The melancholy in the Youth series is both an emotional and a political comment. Emotional, because youth by its nature carries an awareness of transience. It is a period that passes quickly but leaves deep marks. Melancholy appears as a reflection of this fleetingness, but also as an attempt to preserve the value of those experiences. Political, because in a society that denies young people the right to space, safety, education, and dignity, youth becomes an act of resistance. In the current sociopolitical context of Serbia, where students and young people are actively standing up against violence, injustice, and the collapse of institutions, the melancholy in these works carries the weight of helplessness, but also a quiet form of rebellion. It becomes a way to record and preserve what is being taken from us: the sense of freedom, belonging, and belief in change.
If you could extend the Youth series beyond the canvas in a single frame, what would happen next to these characters?
In the next frame, they are on the streets, where youth stops being a metaphor.
Your landscapes are more psychological than spatial, which was also the case with your paintings of the volcanic eruption in Iceland. How do you imagine the boundary between real and imaginary space in your work?
They are part of my personal experience and of an actual event, but by transferring them onto the canvas, they open a space for different interpretations, imagination, and emotional responses.
Your palette is soft, fluid, and pastel toned, which emphasizes the fleeting nature of the moment.
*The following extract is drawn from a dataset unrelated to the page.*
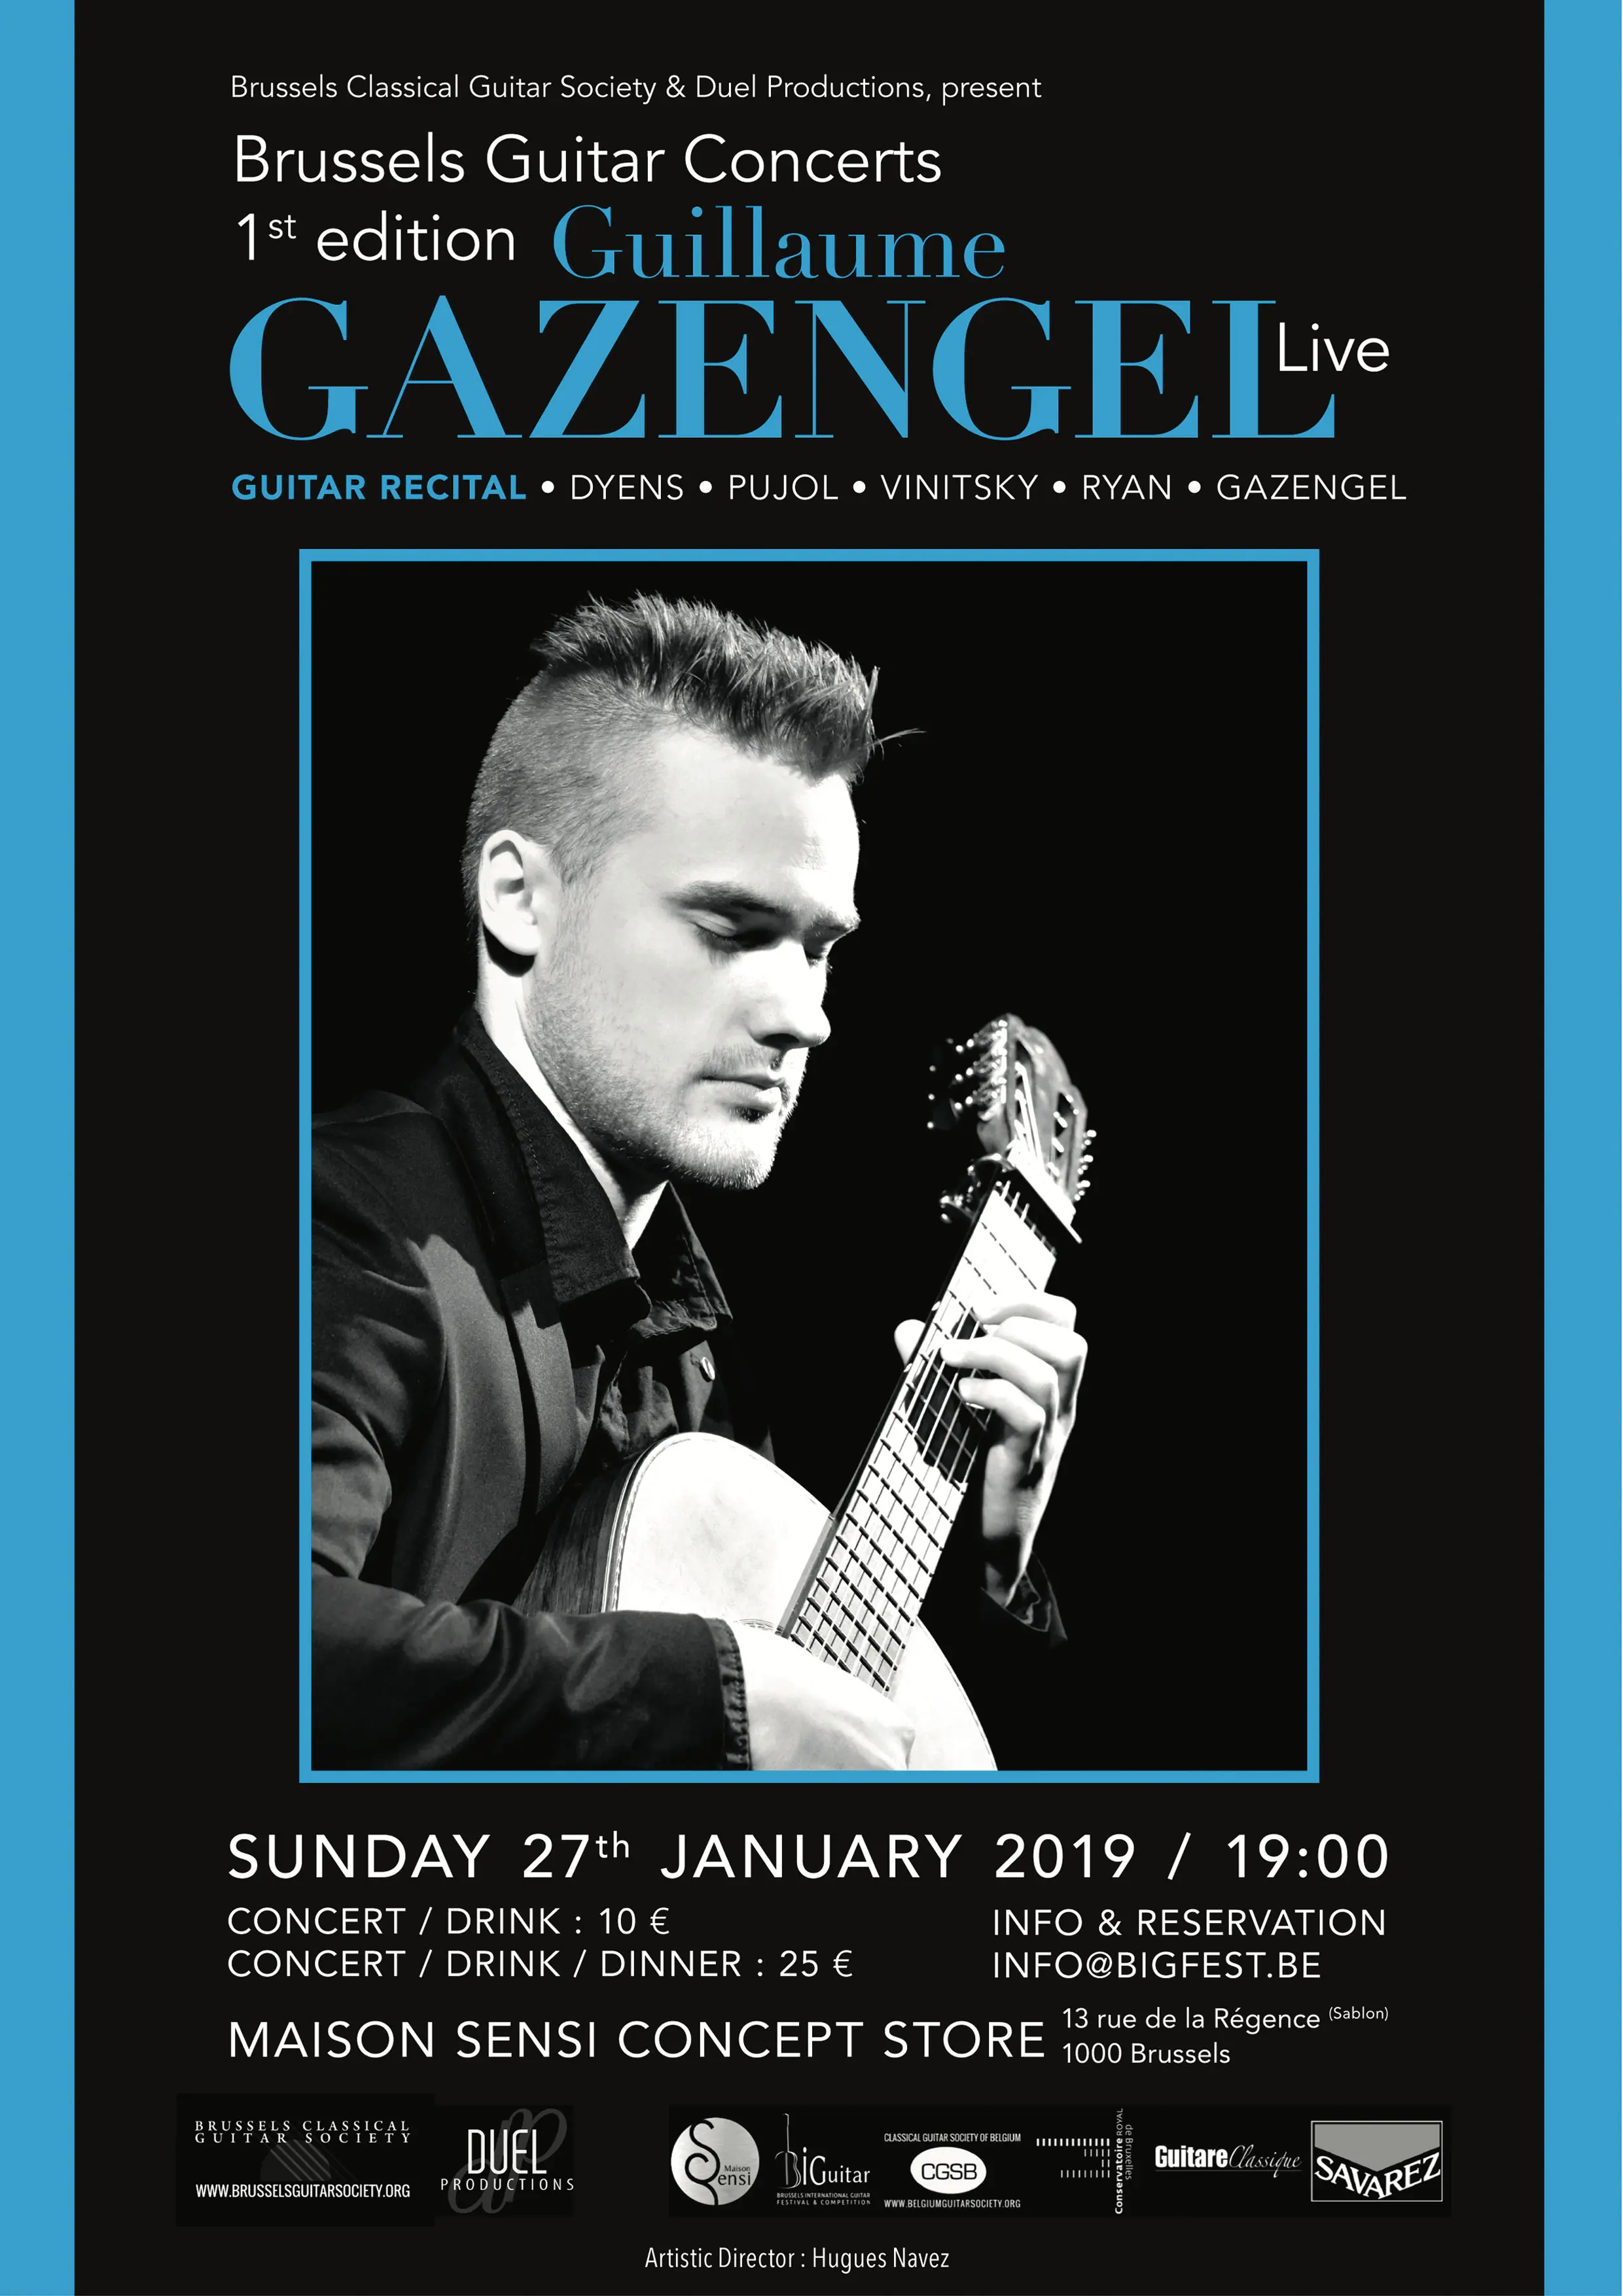 Guillaume Gazengel - « Guillaume Gazengel Live » - Brussels Guitar Concerts
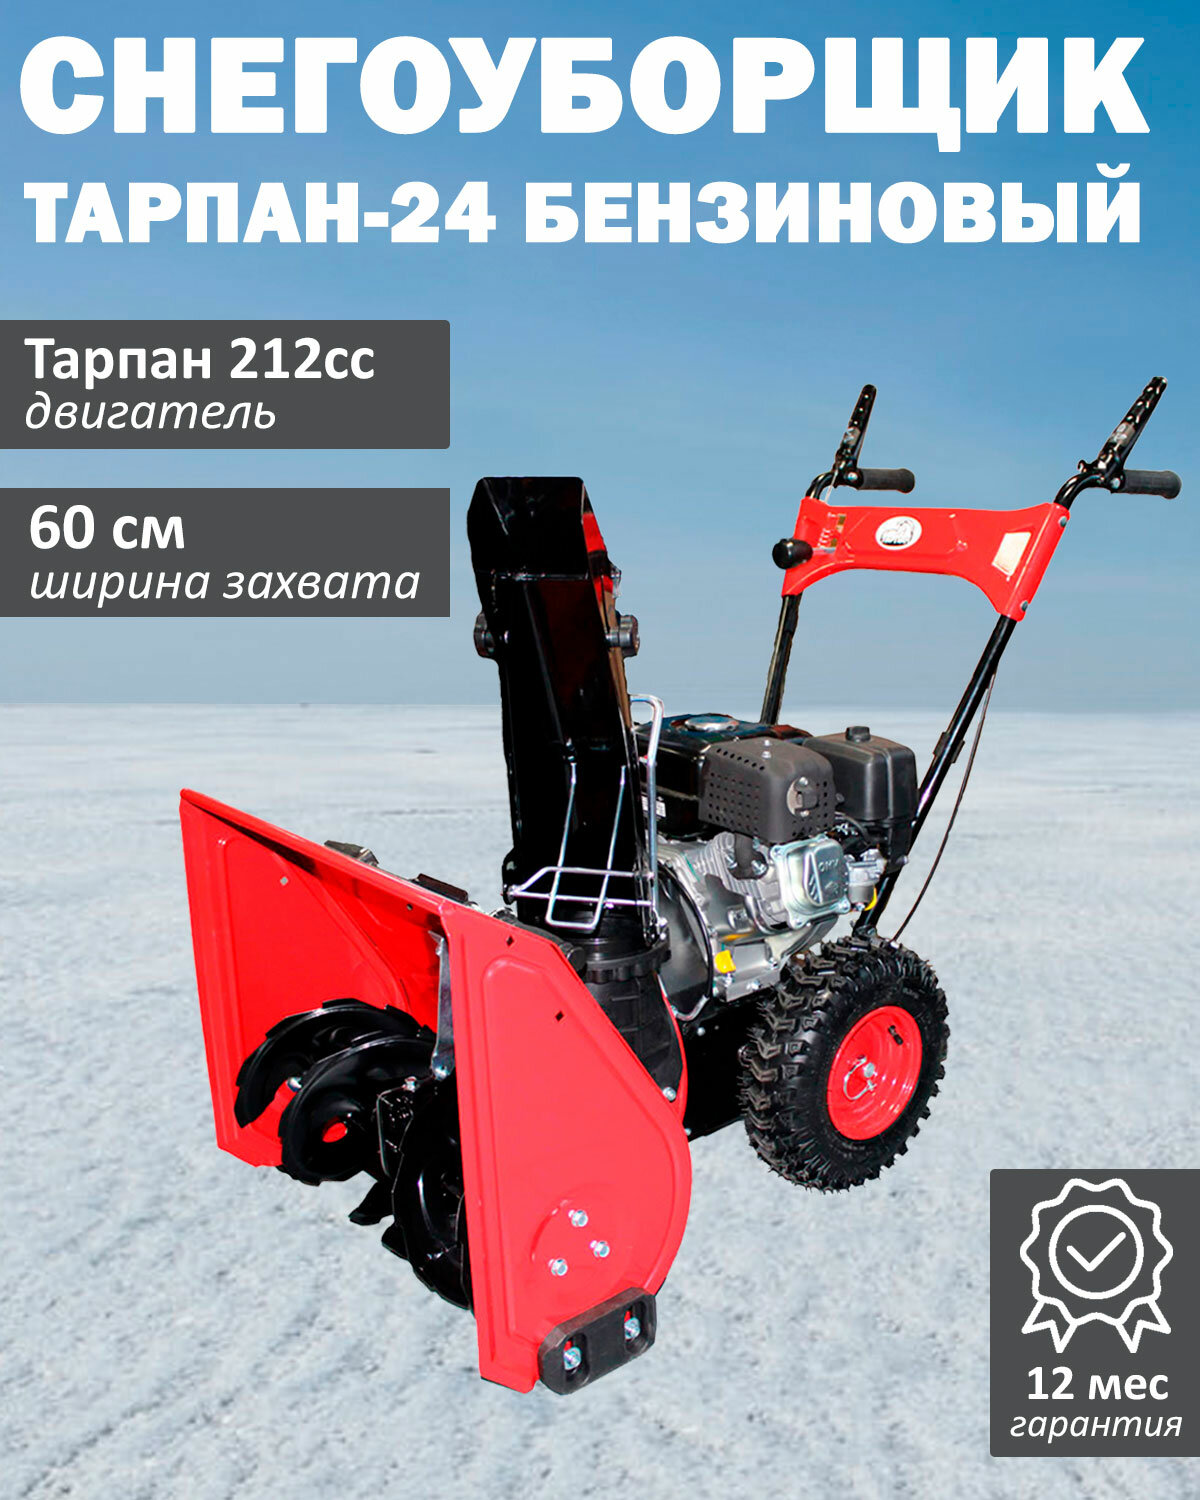 Снегоуборщик Тарпан-24, двигатель Тарпан 212cc, мощность 7 л. с, ширина захвата 60 см

How do you choose your tones and how do they communicate with the themes of youth and transience?
I try to make the tones and the atmosphere truthful. Would you believe me if I told you that this is exactly how it looked when I recorded those moments?
Although you paint portraits of real people, they become allegories. How do you balance the recognizable and the symbolic in your figures?
The protagonists in my paintings are real people, but through the process of painting they become universal carriers of an emotion or an idea. I balance the concrete and the symbolic by preserving the intimacy of the scene while opening it to different interpretations.
As one of the founders of the U10 space, you actively contribute to the local art community. How does the experience of collective work reflect on your personal artistic research, especially in the current crisis faced by the cultural sector?
Collective work within U10 has profoundly shaped my artistic approach. Through shared decision making, the exchange of ideas, and solidarity, I have learned how essential dialogue and support are for the survival of art, not only as a practice but as a community. In the current cultural crisis, this model of collaboration becomes even more important. I do not see it as an alternative but as a necessity.
At the 60th October Salon you received a special award for the project Prostori za rad. What is currently happening with workspaces for artists?
At the 60th October Salon, together with Lidija Dellić, Nina Ivanović, and Nemanja Nikolić, I received an award for the project Prostori za rad, which emerged as a direct response to the eviction of more than fifty artists from the Jugošped building in September 2024. The project brought an important institutional issue to light: the lack of regulated and accessible working spaces for artists in Belgrade. Despite numerous efforts and initiatives, the City has since failed to offer any space that artists, musicians, and cultural workers could use at subsidized rates.
Today we are left not only without places to work, but also without any official acknowledgment that artistic creation deserves systemic support. Workspaces are not a privilege, they are a basic condition for working in the cultural field.
If you had to describe Youth in one sentence to someone who has not seen the paintings, what would it be?
Youth is an ode to youth, freedom, and transience.